» **Instructions to follow**:
Output the material exactly, line by line.

━━━

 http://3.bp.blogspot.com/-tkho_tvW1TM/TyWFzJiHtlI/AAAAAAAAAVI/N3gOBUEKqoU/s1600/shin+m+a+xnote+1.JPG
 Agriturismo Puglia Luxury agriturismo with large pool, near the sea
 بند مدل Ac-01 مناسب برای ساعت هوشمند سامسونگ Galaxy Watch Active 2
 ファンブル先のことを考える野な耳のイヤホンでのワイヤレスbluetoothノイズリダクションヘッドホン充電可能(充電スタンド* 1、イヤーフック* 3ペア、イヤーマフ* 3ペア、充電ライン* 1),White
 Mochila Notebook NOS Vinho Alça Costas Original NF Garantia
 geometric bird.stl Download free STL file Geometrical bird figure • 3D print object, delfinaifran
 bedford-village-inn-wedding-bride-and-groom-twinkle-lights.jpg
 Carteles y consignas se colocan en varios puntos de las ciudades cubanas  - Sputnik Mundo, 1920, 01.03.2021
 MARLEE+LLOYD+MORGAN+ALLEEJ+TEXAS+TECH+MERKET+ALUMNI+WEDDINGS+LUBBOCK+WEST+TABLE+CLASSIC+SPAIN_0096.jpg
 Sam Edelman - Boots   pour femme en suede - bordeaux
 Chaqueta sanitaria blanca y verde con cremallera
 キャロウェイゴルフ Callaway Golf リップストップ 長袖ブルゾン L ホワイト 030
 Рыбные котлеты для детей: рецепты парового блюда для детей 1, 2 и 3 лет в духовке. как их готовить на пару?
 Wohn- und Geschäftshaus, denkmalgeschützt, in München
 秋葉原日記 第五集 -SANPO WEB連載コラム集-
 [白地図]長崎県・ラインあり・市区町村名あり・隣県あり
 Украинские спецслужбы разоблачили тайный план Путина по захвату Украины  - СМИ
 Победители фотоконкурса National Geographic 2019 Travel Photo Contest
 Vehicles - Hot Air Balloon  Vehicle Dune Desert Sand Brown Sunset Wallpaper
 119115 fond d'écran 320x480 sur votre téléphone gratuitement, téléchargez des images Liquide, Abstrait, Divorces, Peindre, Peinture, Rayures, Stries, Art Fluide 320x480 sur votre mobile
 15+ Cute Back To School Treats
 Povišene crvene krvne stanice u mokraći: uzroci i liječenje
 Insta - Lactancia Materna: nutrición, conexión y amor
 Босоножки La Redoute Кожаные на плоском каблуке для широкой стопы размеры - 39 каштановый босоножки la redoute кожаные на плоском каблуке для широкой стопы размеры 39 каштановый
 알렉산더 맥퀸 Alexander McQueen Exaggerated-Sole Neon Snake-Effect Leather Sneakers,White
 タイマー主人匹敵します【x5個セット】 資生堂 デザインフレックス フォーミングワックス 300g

━━━

» **Completed exercise**:
 http://3.bp.blogspot.com/-tkho_tvW1TM/TyWFzJiHtlI/AAAAAAAAAVI/N3gOBUEKqoU/s1600/shin+m+a+xnote+1.JPG
 Agriturismo Puglia Luxury agriturismo with large pool, near the sea
 بند مدل Ac-01 مناسب برای ساعت هوشمند سامسونگ Galaxy Watch Active 2
 ファンブル先のことを考える野な耳のイヤホンでのワイヤレスbluetoothノイズリダクションヘッドホン充電可能(充電スタンド* 1、イヤーフック* 3ペア、イヤーマフ* 3ペア、充電ライン* 1),White
 Mochila Notebook NOS Vinho Alça Costas Original NF Garantia
 geometric bird.stl Download free STL file Geometrical bird figure • 3D print object, delfinaifran
 bedford-village-inn-wedding-bride-and-groom-twinkle-lights.jpg
 Carteles y consignas se colocan en varios puntos de las ciudades cubanas  - Sputnik Mundo, 1920, 01.03.2021
 MARLEE+LLOYD+MORGAN+ALLEEJ+TEXAS+TECH+MERKET+ALUMNI+WEDDINGS+LUBBOCK+WEST+TABLE+CLASSIC+SPAIN_0096.jpg
 Sam Edelman - Boots   pour femme en suede - bordeaux
 Chaqueta sanitaria blanca y verde con cremallera
 キャロウェイゴルフ Callaway Golf リップストップ 長袖ブルゾン L ホワイト 030
 Рыбные котлеты для детей: рецепты парового блюда для детей 1, 2 и 3 лет в духовке. как их готовить на пару?
 Wohn- und Geschäftshaus, denkmalgeschützt, in München
 秋葉原日記 第五集 -SANPO WEB連載コラム集-
 [白地図]長崎県・ラインあり・市区町村名あり・隣県あり
 Украинские спецслужбы разоблачили тайный план Путина по захвату Украины  - СМИ
 Победители фотоконкурса National Geographic 2019 Travel Photo Contest
 Vehicles - Hot Air Balloon  Vehicle Dune Desert Sand Brown Sunset Wallpaper
 119115 fond d'écran 320x480 sur votre téléphone gratuitement, téléchargez des images Liquide, Abstrait, Divorces, Peindre, Peinture, Rayures, Stries, Art Fluide 320x480 sur votre mobile
 15+ Cute Back To School Treats
 Povišene crvene krvne stanice u mokraći: uzroci i liječenje
 Insta - Lactancia Materna: nutrición, conexión y amor
 Босоножки La Redoute Кожаные на плоском каблуке для широкой стопы размеры - 39 каштановый босоножки la redoute кожаные на плоском каблуке для широкой стопы размеры 39 каштановый
 알렉산더 맥퀸 Alexander McQueen Exaggerated-Sole Neon Snake-Effect Leather Sneakers,White
 タイマー主人匹敵します【x5個セット】 資生堂 デザインフレックス フォーミングワックス 300g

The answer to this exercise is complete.